Importance of the Data Act

‘The Data Act is a cornerstone in our efforts to reshape our digital space,’ commented Thierry Breton, Commissioner for the Internal Market on the European Council. ‘We are creating a European data economy.’.

By creating an act that covers data across the entire EU, the council hopes to use the strength of the combined member states to improve the monetisation of data while ensuring all countries act on the same rules. For the automotive industry, it means that no matter where the car is sold, the carmaker remains responsible for guaranteeing users can access information, while also ensuring the safety of the data.

Yet there are concerns. The European Association of Automotive Suppliers (CLEPA) has called for more industry-specific legislation to reflect the complexities of the automotive sector, especially when it comes to suppliers.

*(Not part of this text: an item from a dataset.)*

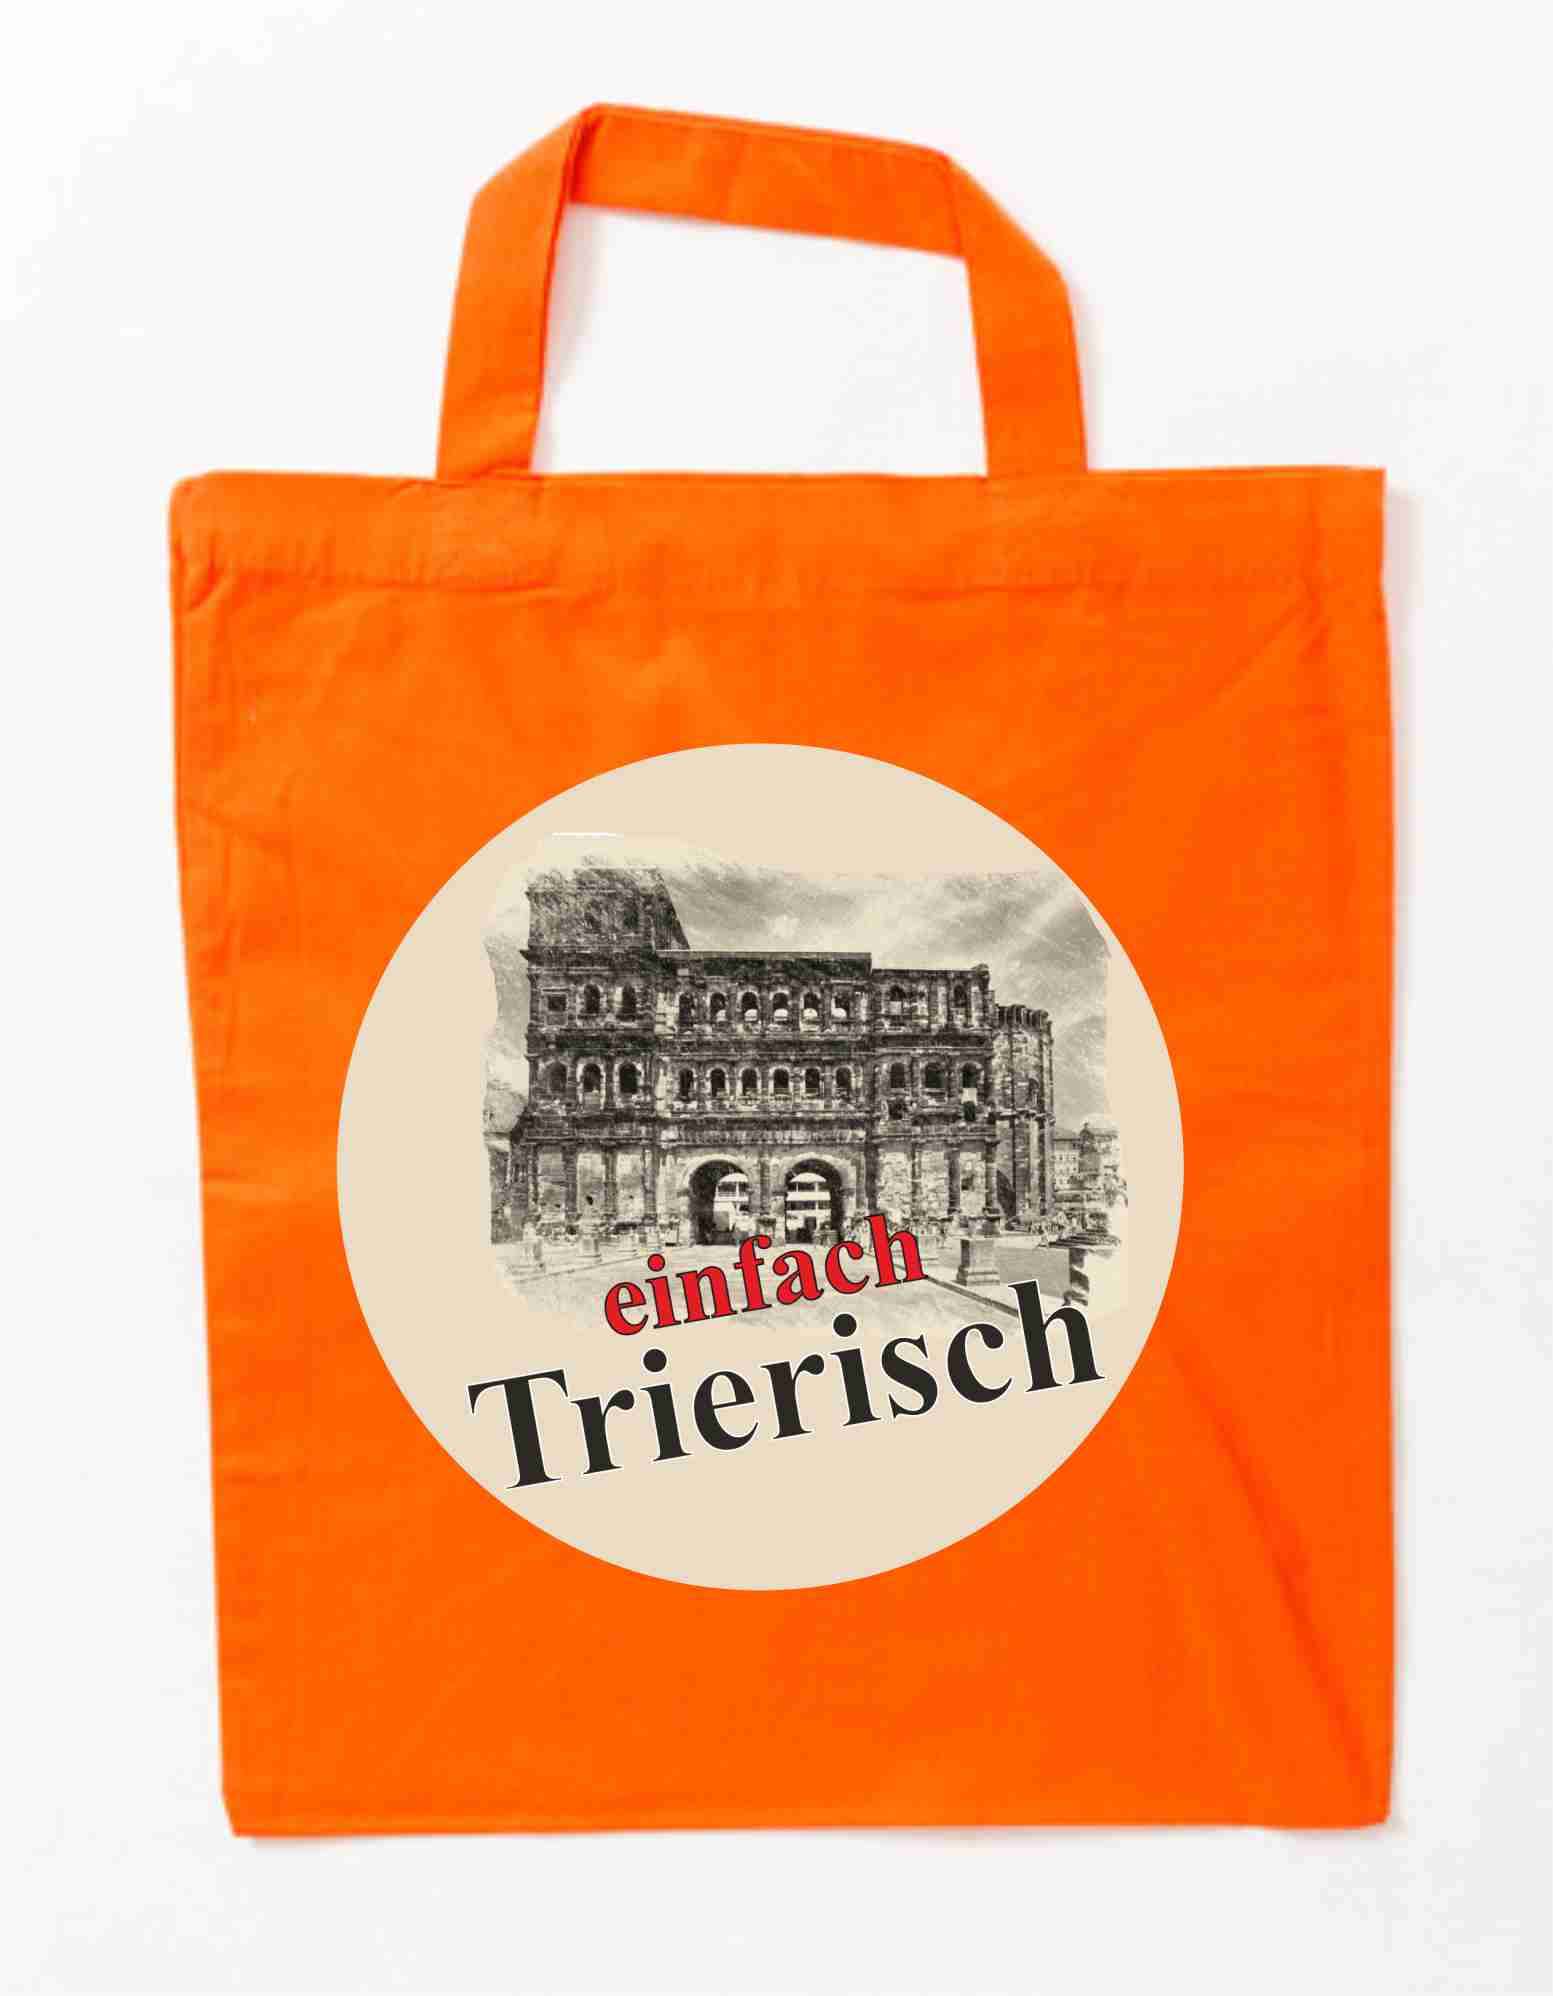 Trier Baumwollbeutel auch zum selbst gestalten bei tex-druck.de

‘While the Data Act aims at strengthening the position and business models of third parties, the role of providers of components within a connected product (e.g. car) is currently not considered in this regulation,’ the organisation stated.

‘To allow suppliers to fully make use of the potential of data-driven developments and to provide for a better balance between manufacturers and component suppliers, this regulation will be followed by sector-specific legislation which will ensure access to vehicle data, functions and resources. This sectorial legislation will provide a more precise definition of a data holder, reflecting the complexity of the automotive sector,’ CLEPA stated.

‘It will furthermore investigate the suppliers’ right to an improved or direct access to data from their own intelligent components for issues such as quality monitoring, product development, environmental or safety improvements.’

The European Automobile Manufacturer’s Association (ACEA) partially welcomed the approval of the Act. ‘The Data Act will give users control of the full range of data shared by their vehicle, with no exceptions,’ the body said. ‘In other words, vehicle manufacturers will not enjoy any advantage over other data recipients.’

The Data Act has been passed through the European Parliament and the European Council, however, the wording in each version is slightly different. This means the legislation needs to be consolidated before it is finally passed, with completion later this year.